Oireachtas Joint and Select Committees

Thursday, 3 February 2022

Joint Oireachtas Committee on Disability Matters

Equality and Non-Discrimination: Discussion

Ms Finola Cassidy:

I thank the Senator for her question. We would particularly like to raise the issue of what we call the "unacknowledged" thalidomide survivors. I will explain. The drug thalidomide was sold in Ireland, for example, in 1961. Thalidomide is the ingredient in the drug that causes the damage. Here it was sold under various trade names. There were about ten. One was packaged under the brand name Softenon. In 1961, 51,000 packages of that drug were sold here in that year alone. As I said, there were other forms of the drug in syrups, perhaps for a baby's soother to help with teething or for nerves. A man could take it. It was specifically the crossing of the placental barrier that caused the damage. To give more detail, the specific days of the pregnancy on which the drug was taken caused specific damage. For example, my mother probably took it on day 22 and day 23 and the arms were affected, as were my ears and there was the internal damage. It depended on what you took. That is why I was saying if somebody took it very regularly, they were one of those 90,000, sadly, who probably miscarried.

In the 1970s, when it was eventually agreed thalidomide was the cause of all these disabilities - and that was a long haul from birth to around 12 years of age - the State advertised and asked if children wanted to come forward. It brought some experts from Germany and they set up the Irish Thalidomide Medical Board. To this day, we are not sure how many people could have been affected in Ireland because there was a report undertaken, dictated by the Department of Health, around 1963 to look back at birth defects in Ireland. It was done by a lady called Dr. Victoria Coffey and never published, so we cannot be sure of the numbers. When we were 12 years of age people came forward. We know from Government records that more than 100 children came forward. These experts decided that 32 were recognised as thalidomide survivors. However, in the intervening years, there has been huge medical investigation into the drug thalidomide, especially because it has some good qualities. Members may have heard of its use in cancer treatment. Medical knowledge of the working of thalidomide has improved in leaps and bounds. We can now categorically say, and it is evidence-based, that there are other issues related to thalidomide that were just not picked up in the 1960s.

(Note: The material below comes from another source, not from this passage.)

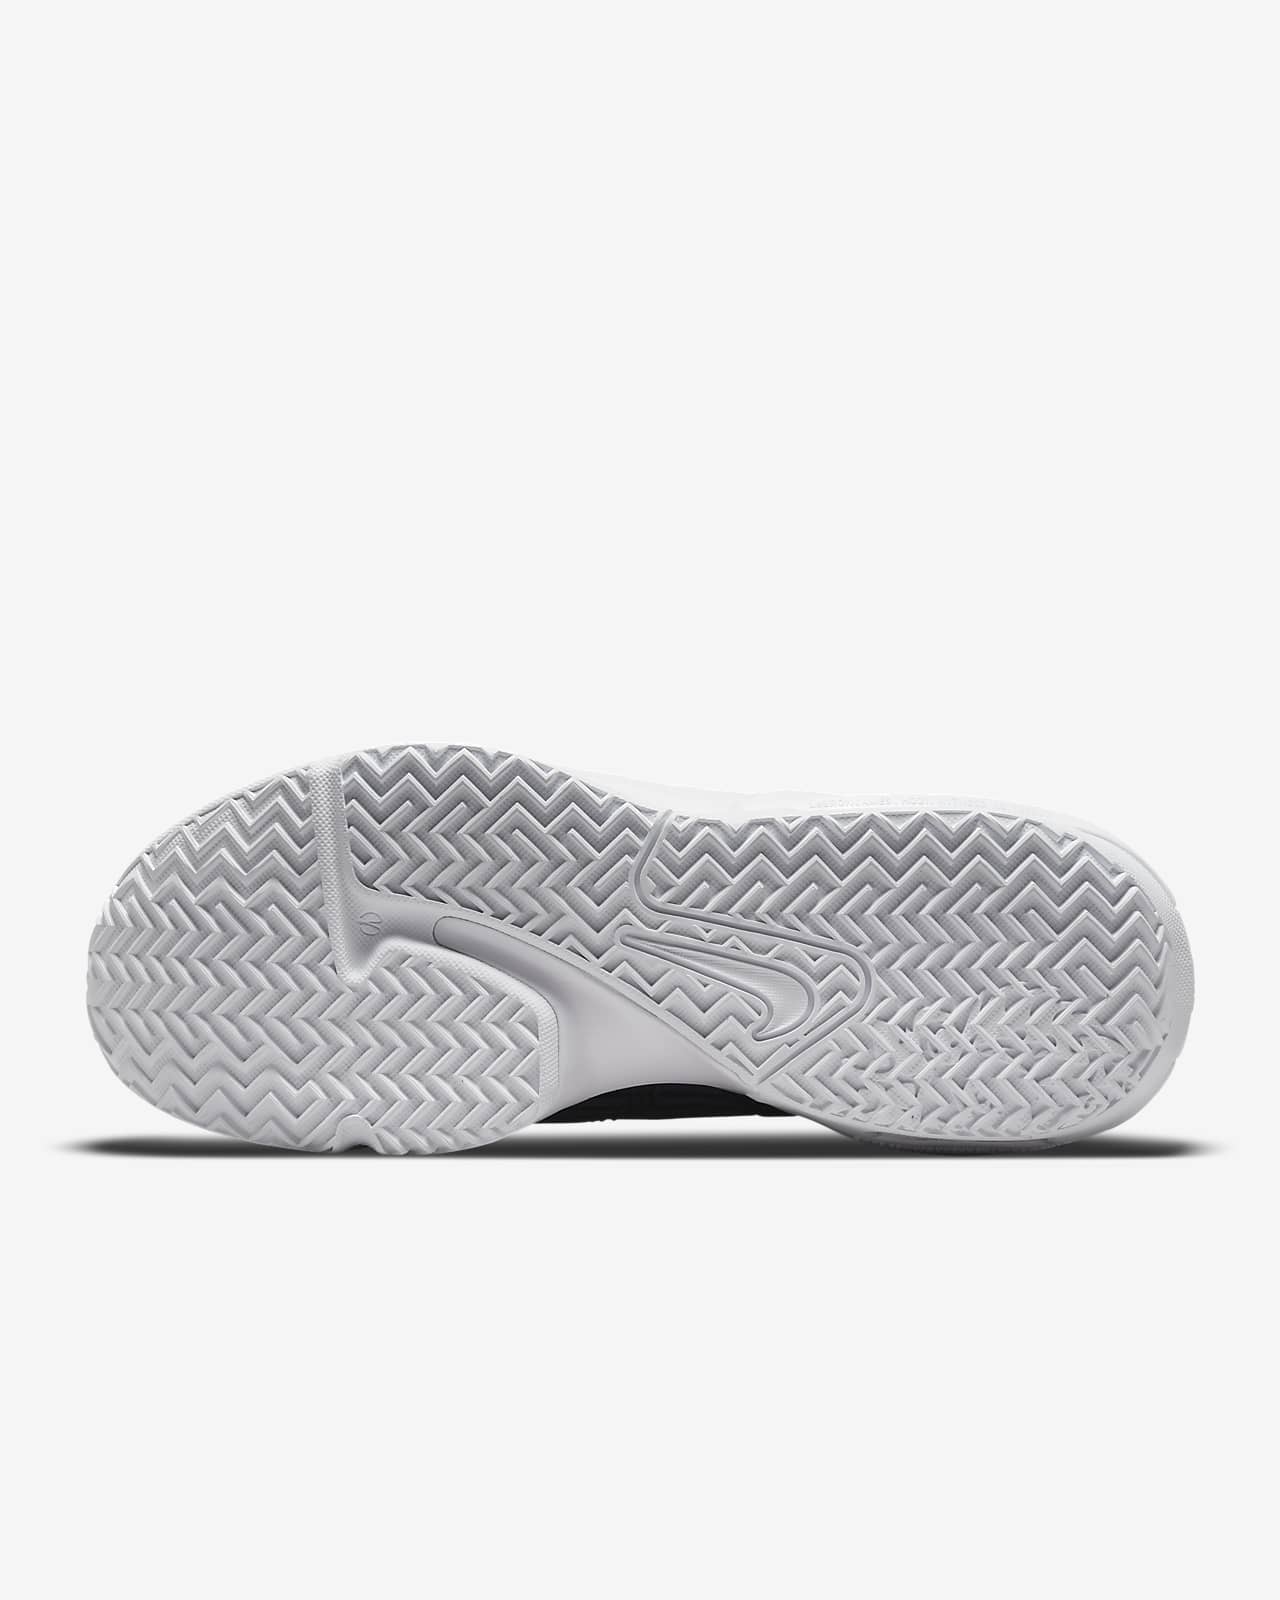 LeBron Witness 6 Basketball Shoes. Nike CA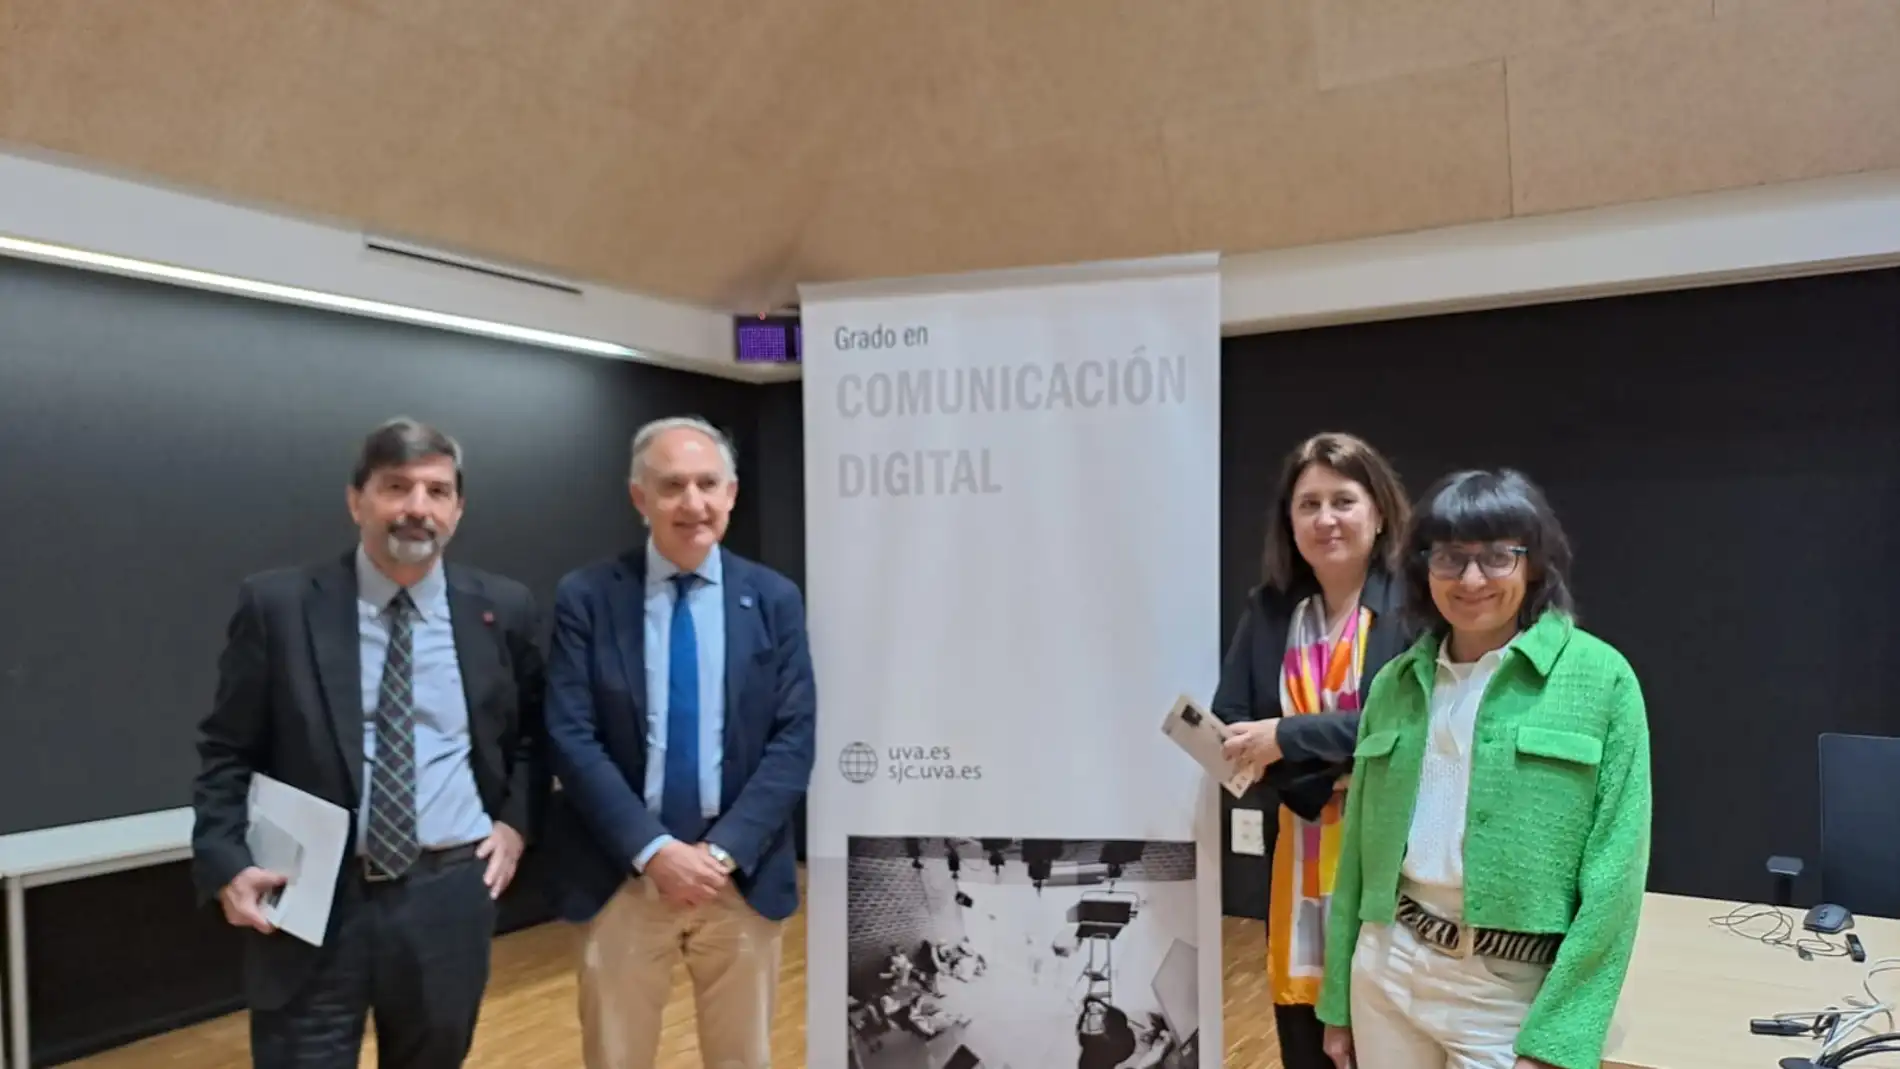 El Campus de la UVa en Segovia impartirá el grado en Comunicación Digital a partir del próximo curso

The medical board in the 1960s had the knowledge it knew then and disregarded many of the applicants because it was dealing in that knowledge at that time. We know that for a fact because our unacknowledged survivors have been examined by world experts and told categorically that they are thalidomide survivors. The committee could help us with something we need by explaining to the Government that there is new medical evidence and it would only be reasonable to allow those whom we call our members who are unacknowledged to come forward for a better and newer evaluation.

There are more records in Britain. Here, sadly, when we were 12 our parents had to show evidential proof to that committee that our mothers had taken thalidomide. I have sworn affidavits from the prescribing GP to my mother and the administration chemist down in Cork. All of this evidential proof had to be shown to the committee. How many people had the packet of a tablet 12 years after the event, especially when nobody was joining the dots to know that thalidomide was the cause of the damage at the time of the birth? That was not a fair criterion to have put on them.

I have spoken to a few people in the UK about how mothers felt enormous guilt about taking this drug. In some cases, they never admitted that they took it. We know of cases where, on their deathbed, mothers broke down and apologised. It was the first the survivors knew of their disability being caused by thalidomide. For all of those reasons, it is only timely, 60 years later, to correct all those errors and allow these unacknowledged survivors to have a fair assessment using modern medical knowledge.

The State, through Dáil questions and answers, regularly says it is open for all unacknowledged survivors to go to Germany to be assessed and the State will automatically accept those assessments. However, I must stress an important point because we cannot seem to get it across to the Department of Health. We now know that the criteria the Germans use in their assessments of thalidomide survivors are still very much based in that time of the 1960s criteria. Those criteria have not moved with the times and do not embrace the more modern knowledge. It is very important that we stress that the Department of Health cannot continue to suggest unacknowledged survivors go to the special Contergan Foundation in Germany for assessment. We know it is flawed and it would only add insult to injury if the Department kept stressing that this was the mechanism open to the unacknowledged. I hope that gives the Deputy some idea of the answer.